Bacterial infection and mate choice in a wolf spider
Description
Infection and parasitism are serious risks that can influence condition-indicating ornamental male traits and subsequently inform female mate choice. This paper summarizes recent experiments investigating the relationship between infection stress, male courtship, female choice and parasite avoidance behaviors. We studied the Brush-legged Wolf Spider, Schizocosa ocreata, whose mating behavior, consisting of complex male courtship and female mate choice, highlights complex evolutionary conflict between the sexes at adulthood. Male and female S. ocreata were experimentally infected with the bacterial pathogen Pseudomonas aeruginosa and placed together in triad mating trials wherein one female—either infected or not (control) - was paired with two males—one infected and one control (uninfected). Results showed that control (uninfected) females chose to mate significantly more often with control (uninfected) males than infected males.
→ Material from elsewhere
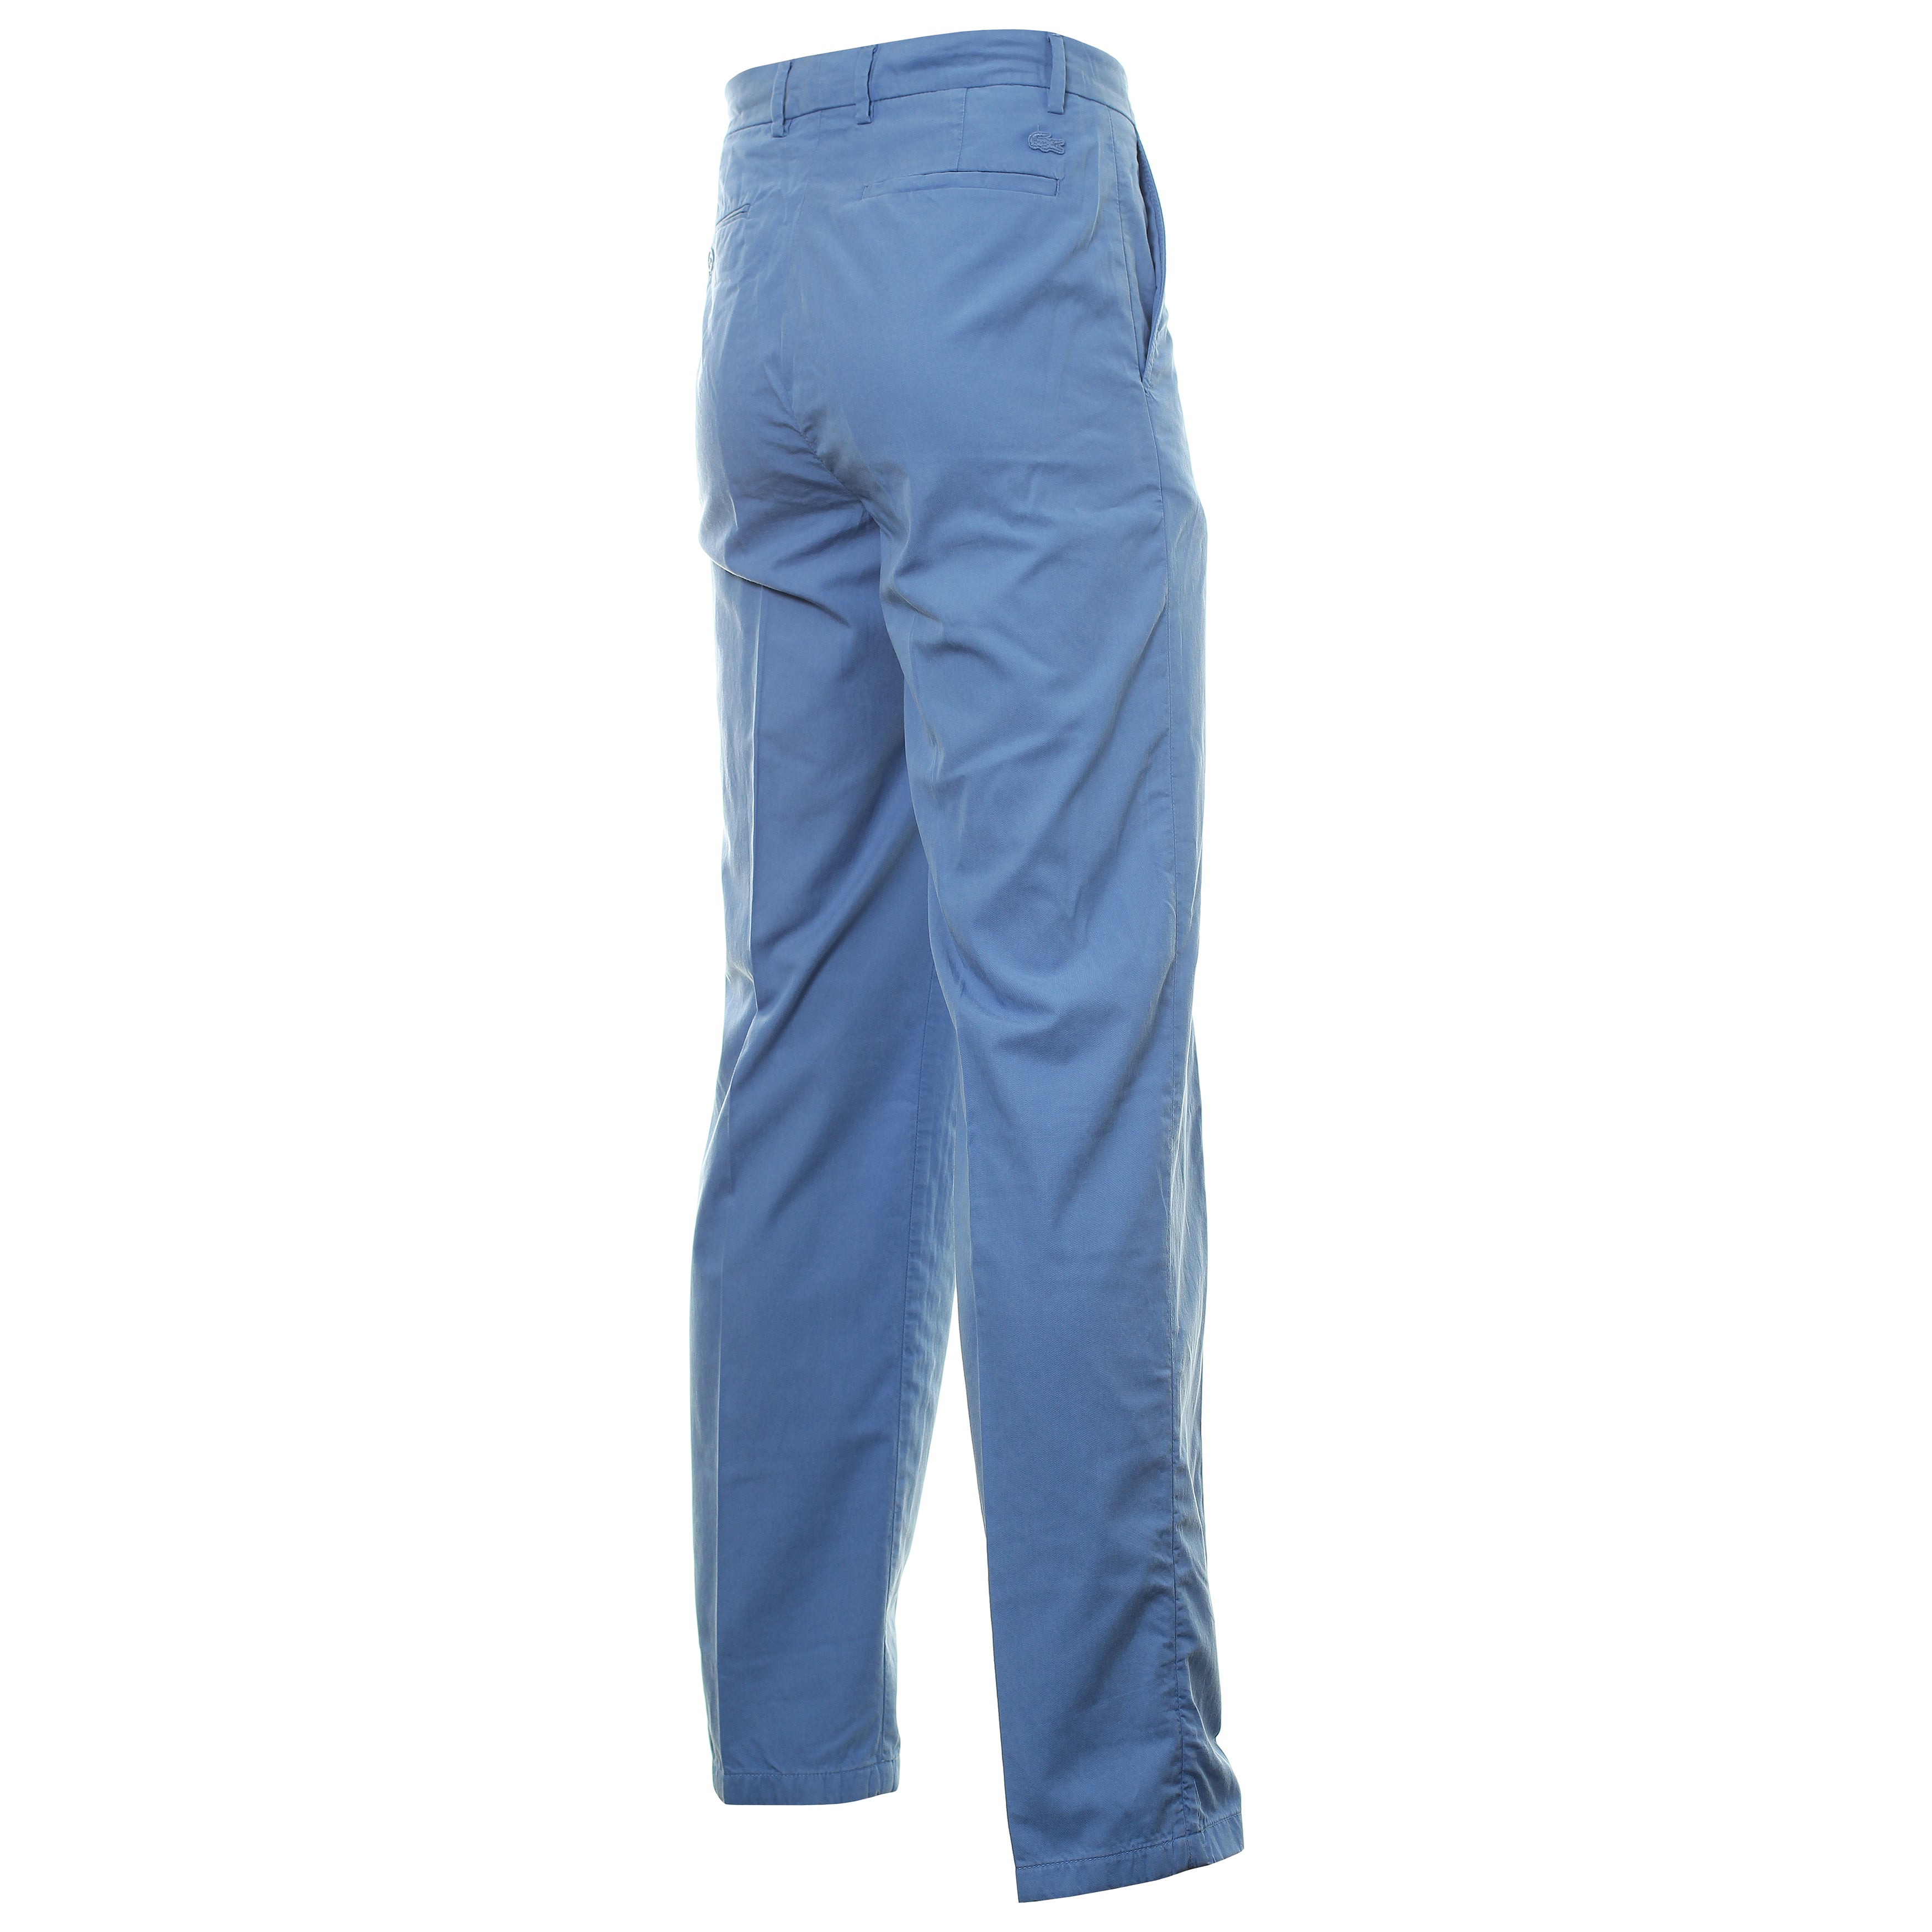 Lacoste Lightweight Chino Pants HH1053 Turquin Blue 776 | Function18 ...

Infected females, on the other hand, chose infected and control males with equal frequency, suggesting a potential cost of being infected for females—reduced infection avoidance. Male courtship display rates (“bounces”) were higher overall in the group of control (uninfected) males. Furthermore, control males presented with an infected focal female displayed significantly reduced rates of courtship when compared to a control (uninfected) focal female. These results confirm that infection stress has observable impacts on mating success and behavior, but also suggests that the costs of infection may be more subtle than expected and present themselves in ways that are not as dramatic as might be predicted.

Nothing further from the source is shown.